Nokia ships 21.5m smart devices, outpaced by Apple
By Electronista Staff
Nokia this morning claimed a minor return to form with an upturn in its phone business, especially smartphones. It shipped a much larger 21.5 million "converged devices," which includes both its smartphones and the Booklet 3G, in the first quarter of the year. The tally is a 57 percent jump from a year ago and is estimated to give it 41 percent of thesmartphone market, or a slight recovery from both the fall and from a year ago.

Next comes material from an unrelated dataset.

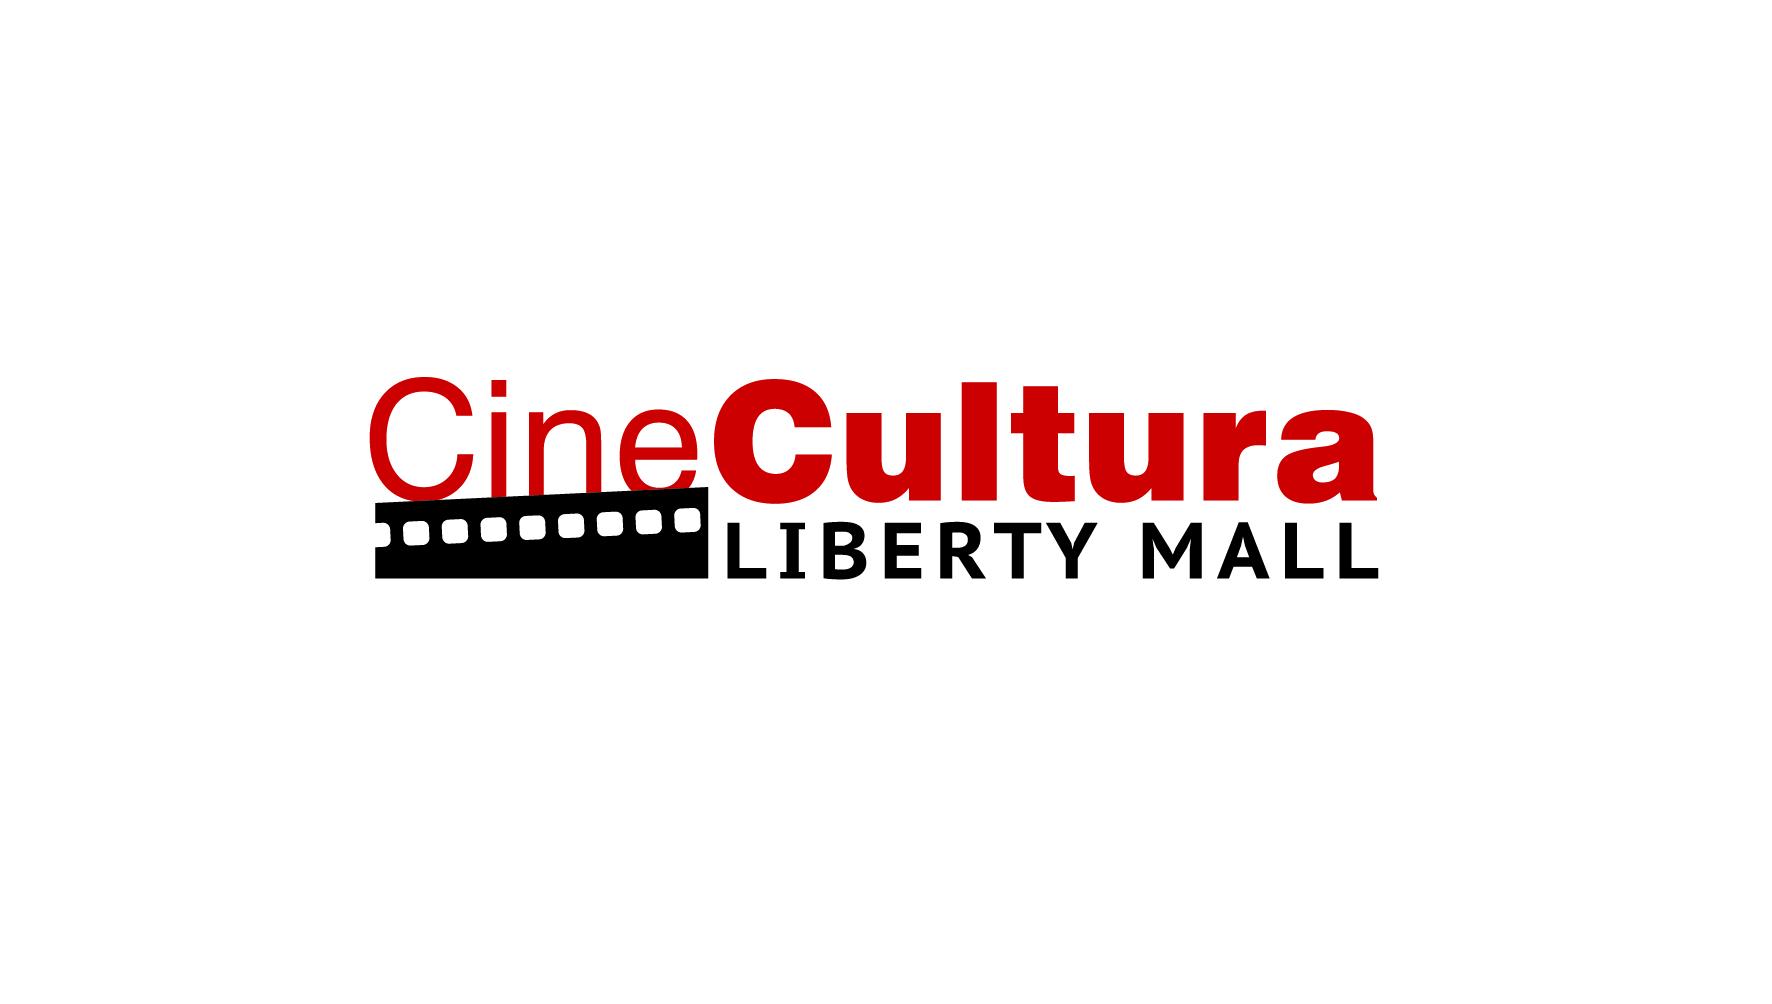 CineCultura Liberty Mall

Its overall cellphone shipments were up a more modest 16 percent to 107.8 million units, which combined with job cuts was enough to boost its profit up 60 percent from a year ago to 820 million euros, or about $1.1 billion.
The gains, while an improvement, weren't necessarily enough to outpace competition in the smartphone arena. While enough to hold on to its lead in sheer volume, the growth was far slower than Apple's 131 percent jump in iPhone shipments. Nokia also didn't say how many of its 21.5 million units were Booklet 3Gs and likely had a smaller actual share in pure phone devices.
Apple is so far the only major smartphone maker known to have seen a quarter-to-quarter increase in its phone shipments following the typical post-holiday lull, although LG, Motorola, Samsung and Sony Ericsson have yet to report back on their own results.
Nokia still expects the phone industry's numbers to grow 10 percent in 2010 but also thinks its market share will stay flat over the year. It hasn't said what it expects to keep its performance going in the current quarter and is mostly relying on existing phones as well as entry-level smartphones like the C5and 5230 for the spring. Company chief Olli-Pekka Kallasvuo admitted that the company still faces "tough competition with respect to the high end of our mobile device portfolio," likely referencing both Apple and RIM.
The first Symbian^3 phone has also been dealt a setback, as Nokia has officially said it's on track to announce the phone in the spring but that it won't actually ship until sometime in the summer. The new OS adds frequently requested features that would help Symbian catch up to modern smartphone platforms, such as multi-touch.